##### Collected data #####
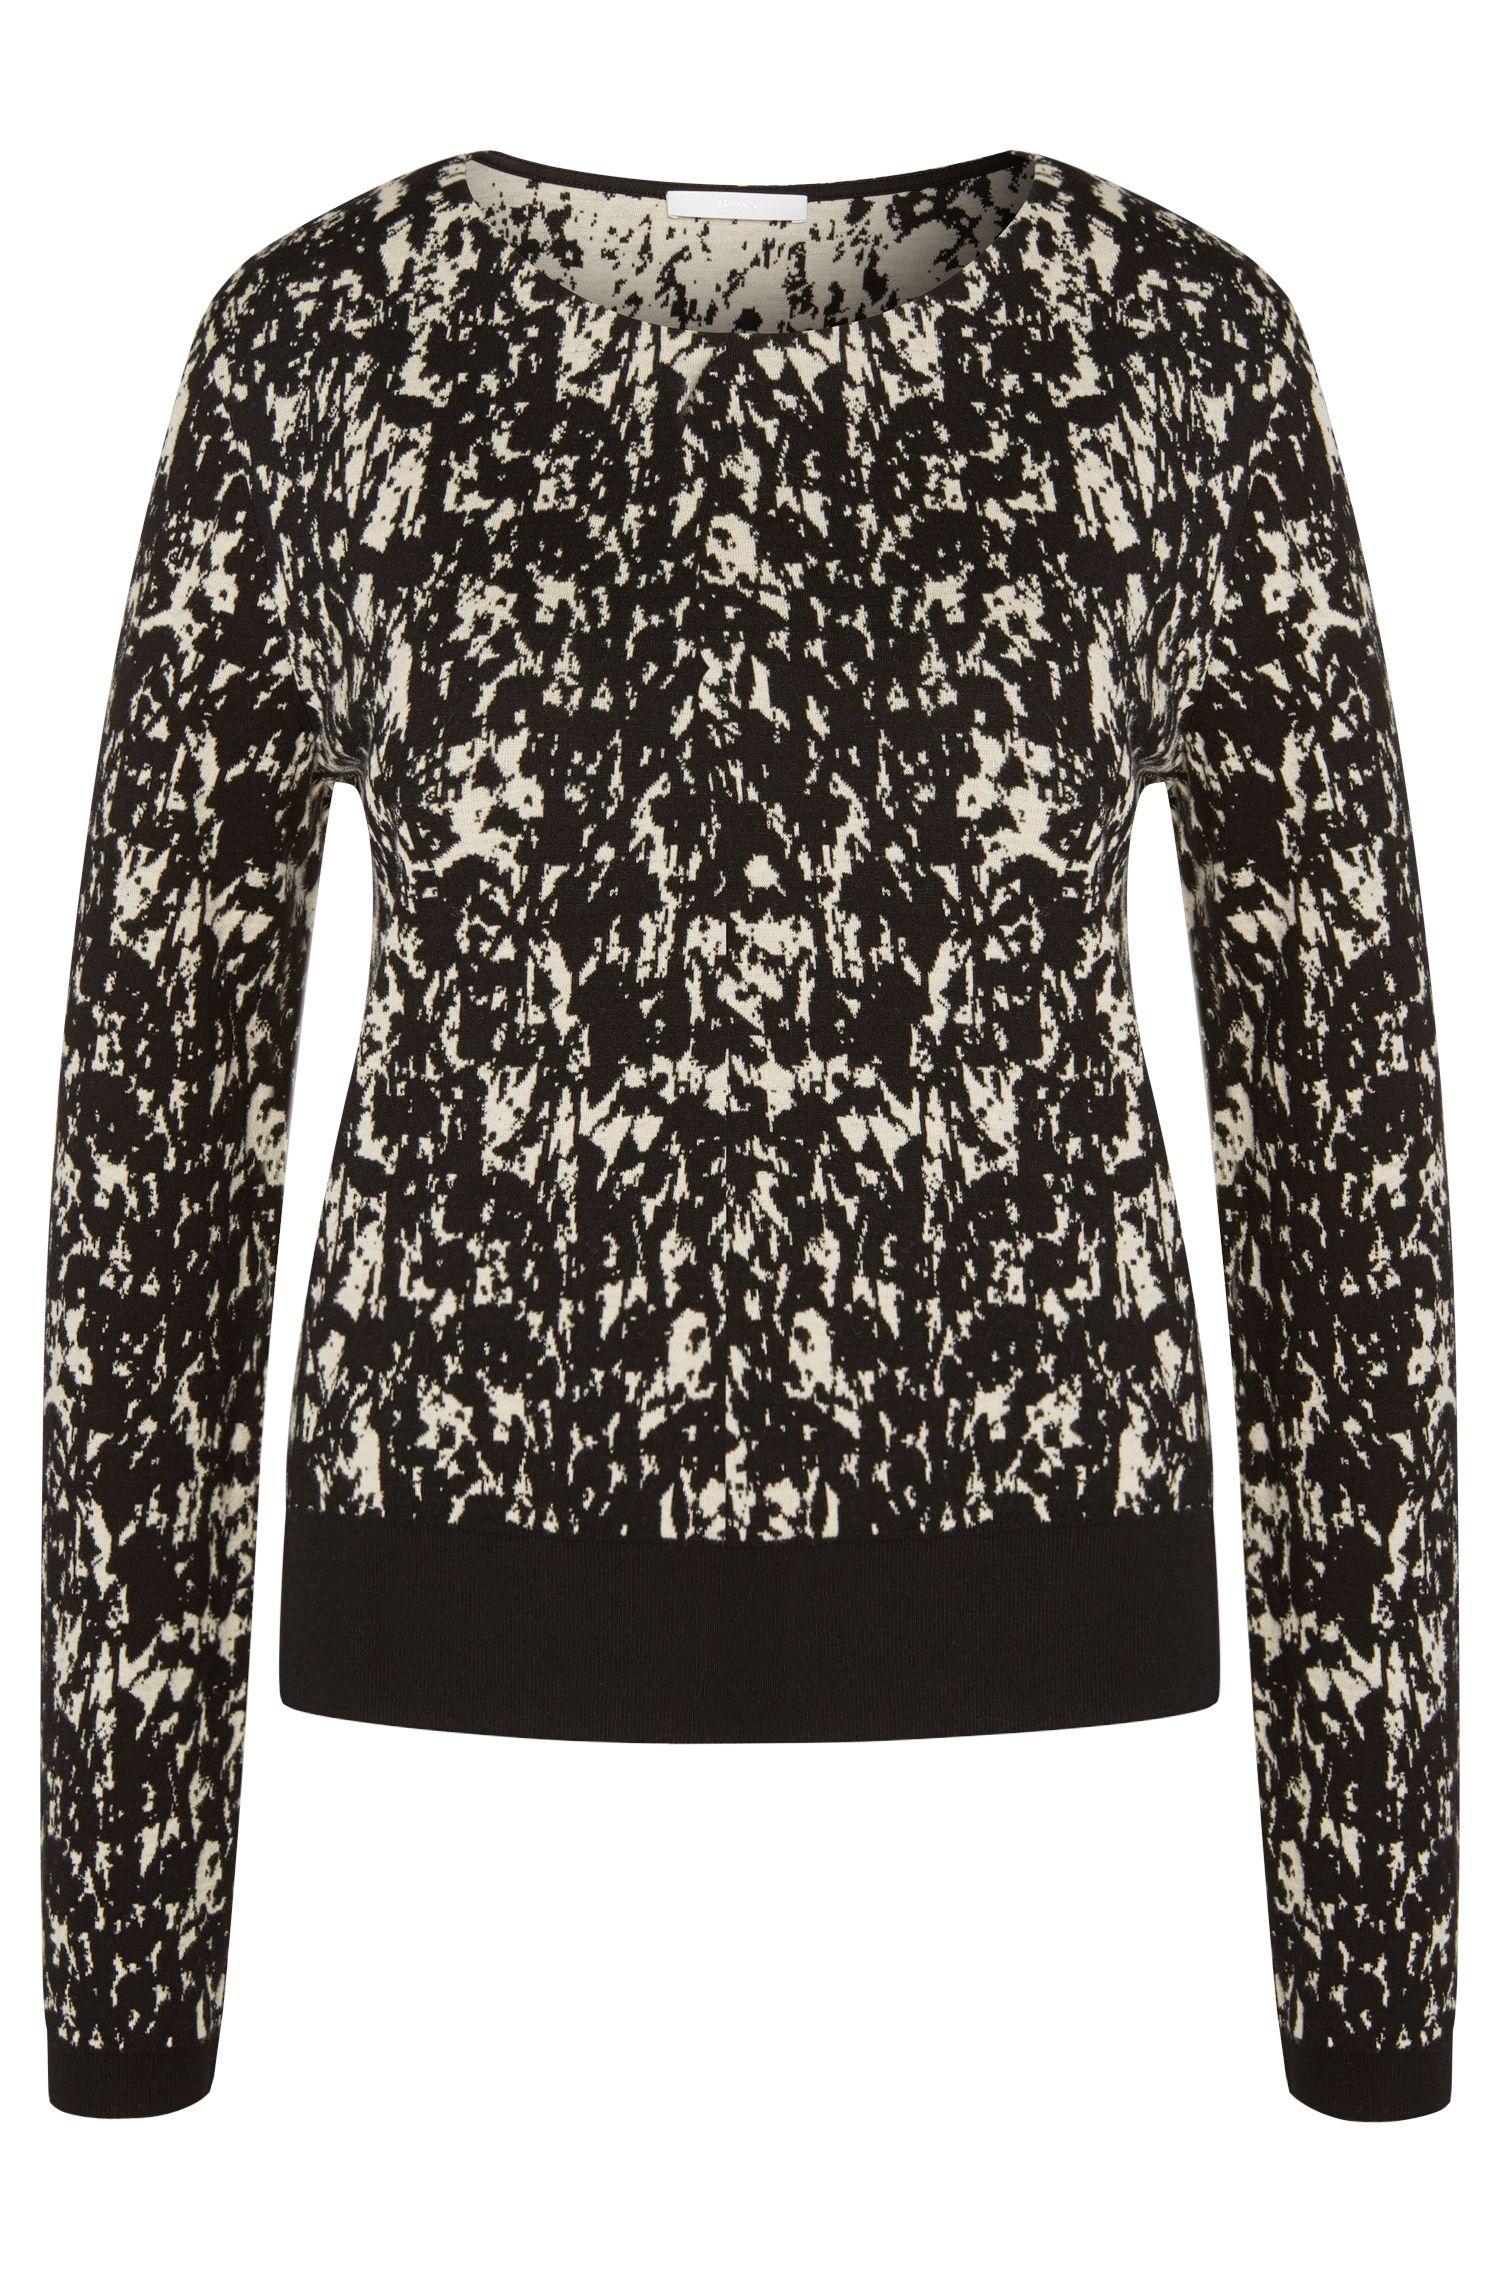 Patterned sweater in viscose blend: 'Emka'
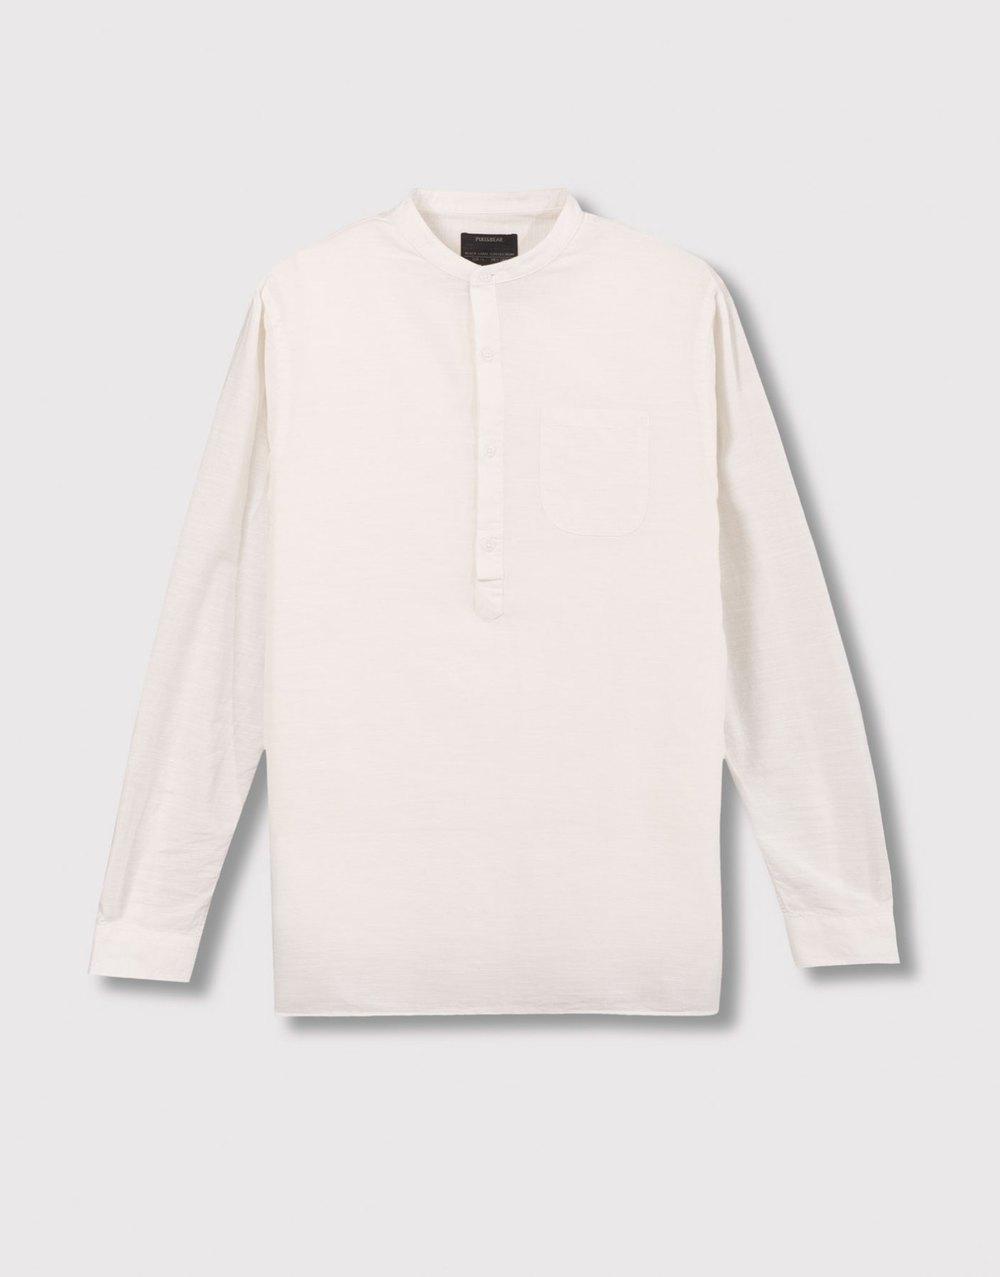 Mao collar shirt, £25.99 ( pullandbear.com )
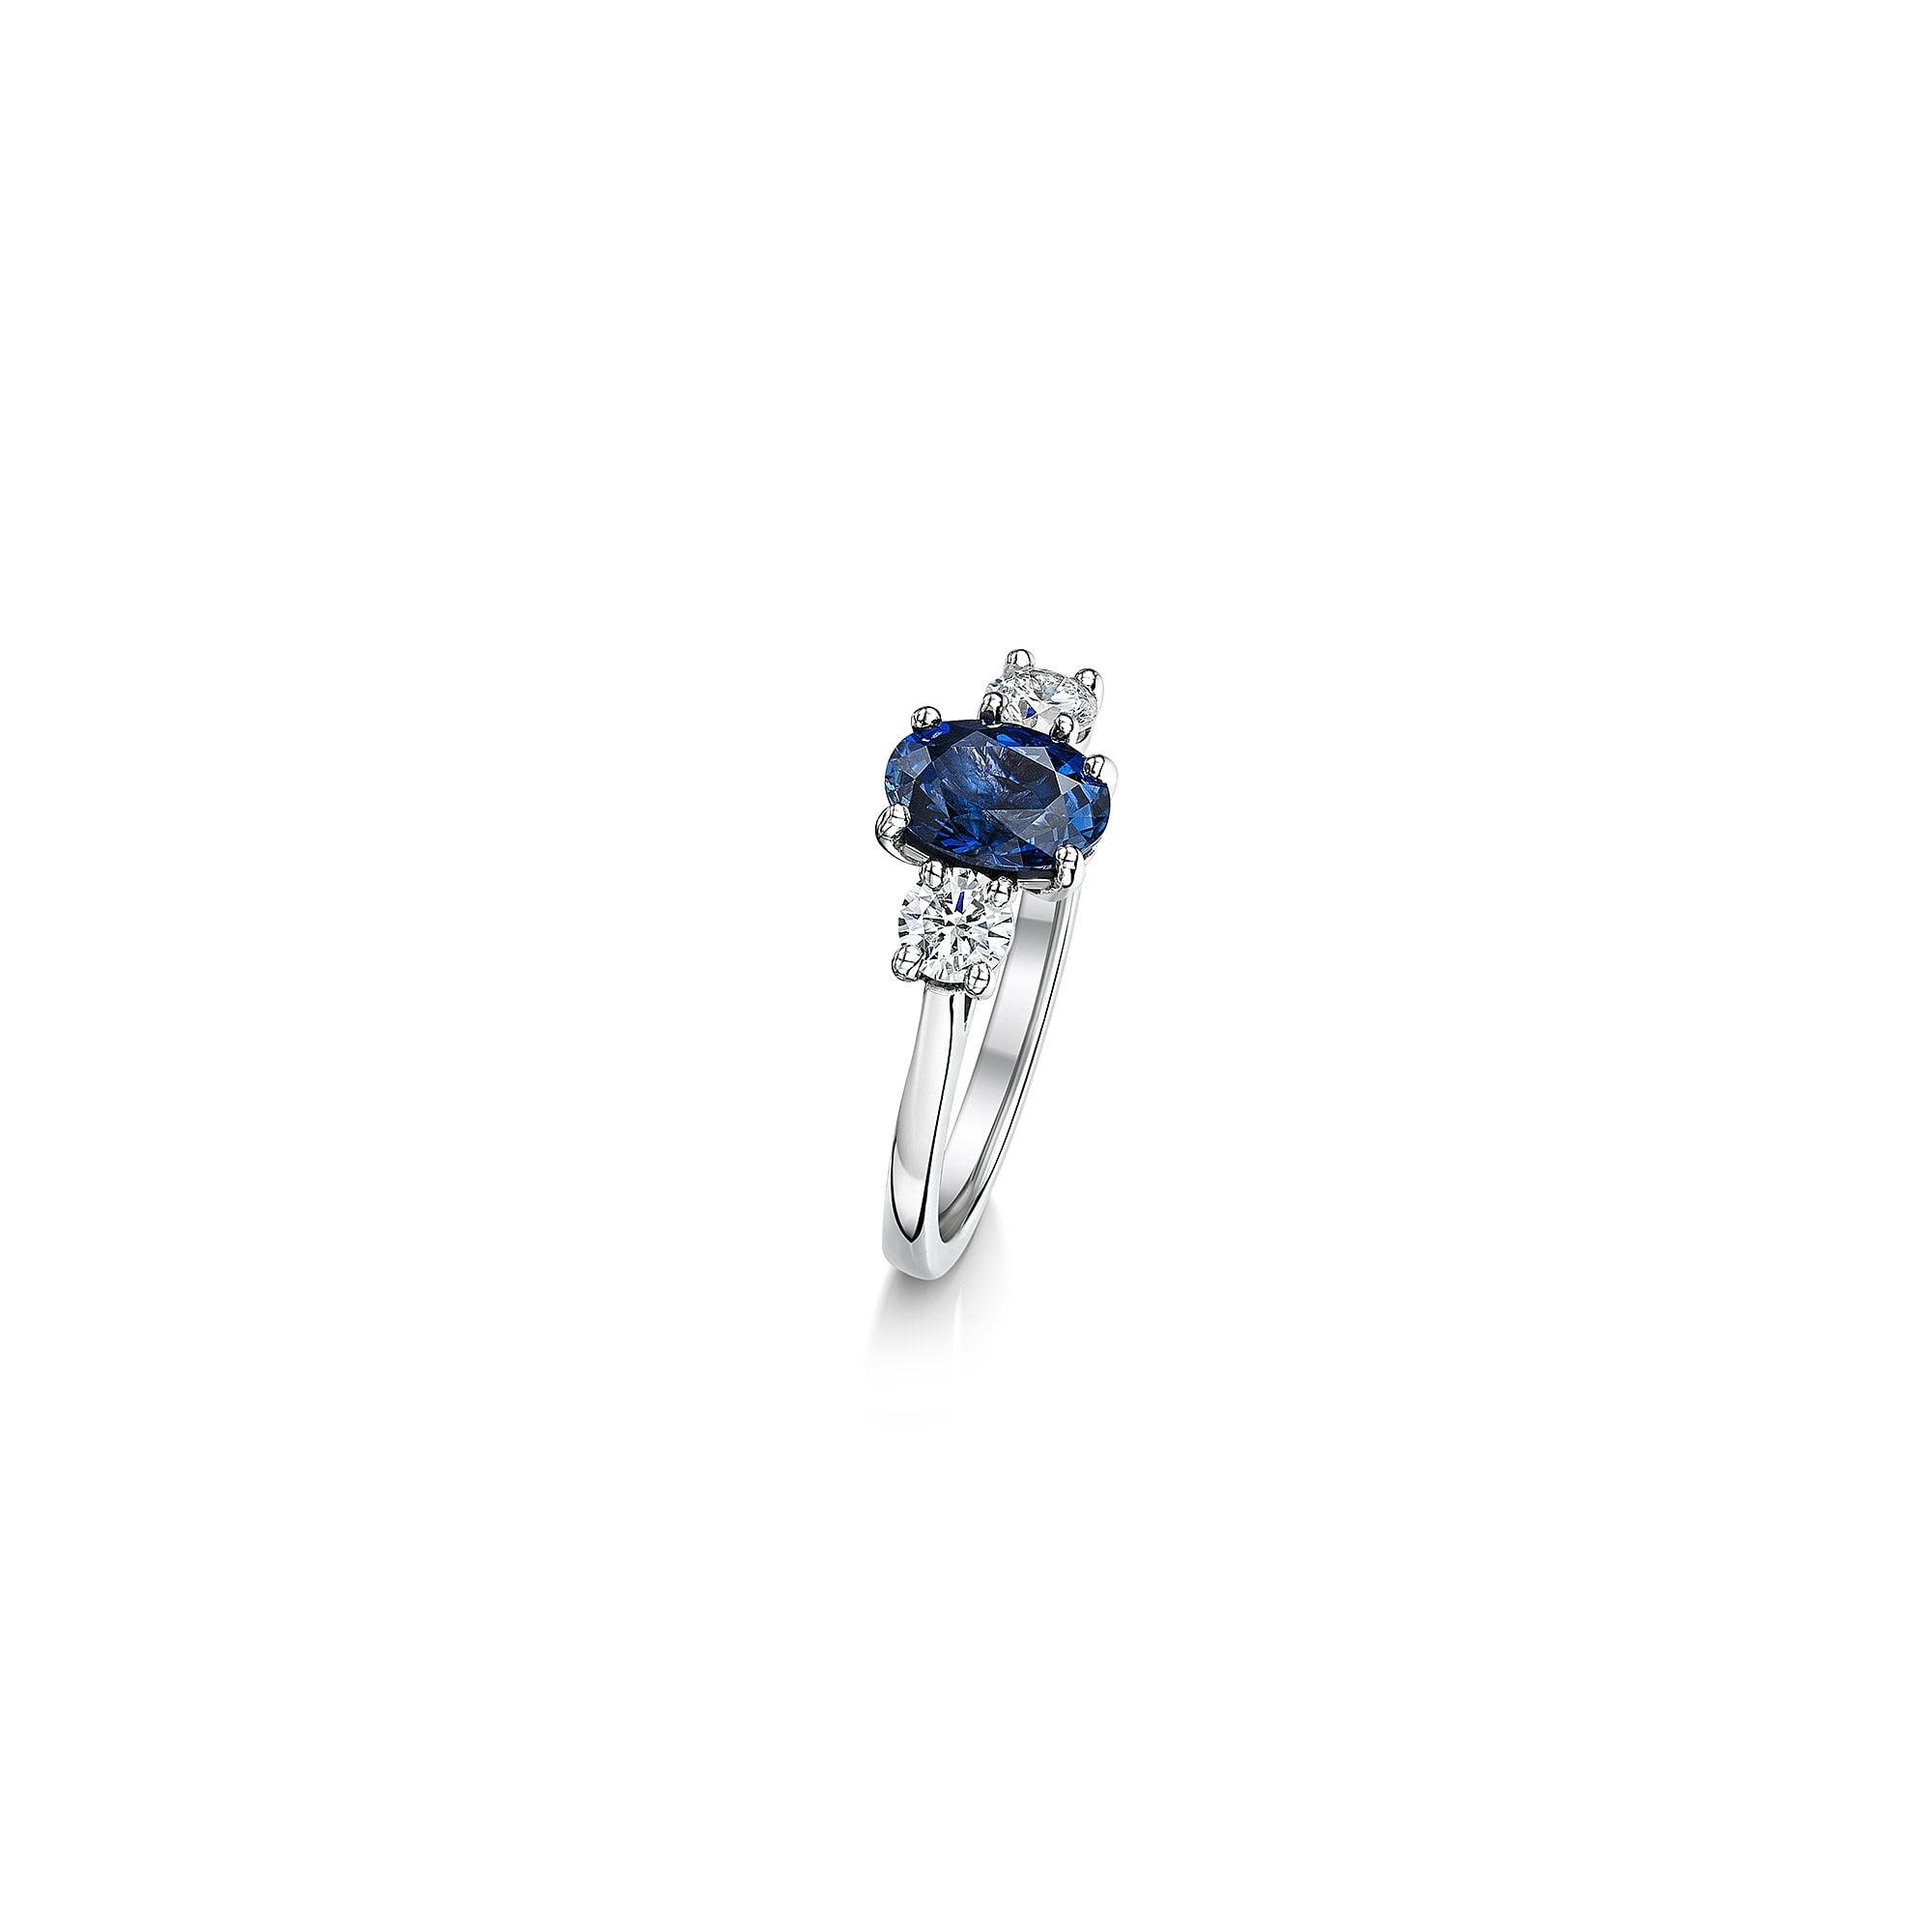 9ab17c77d5a6b Platinum One Carat Sapphire and Diamond Three Stone Ring RPN3728
#####
Aim of the task:
Leaving the pictures out, copy exactly the lines from the line that contains "Mao collar shirt, £25.99 ( pullandbear.com )" to the last line of the data, both ends included.

Output below:
 Mao collar shirt, £25.99 ( pullandbear.com )
 9ab17c77d5a6b Platinum One Carat Sapphire and Diamond Three Stone Ring RPN3728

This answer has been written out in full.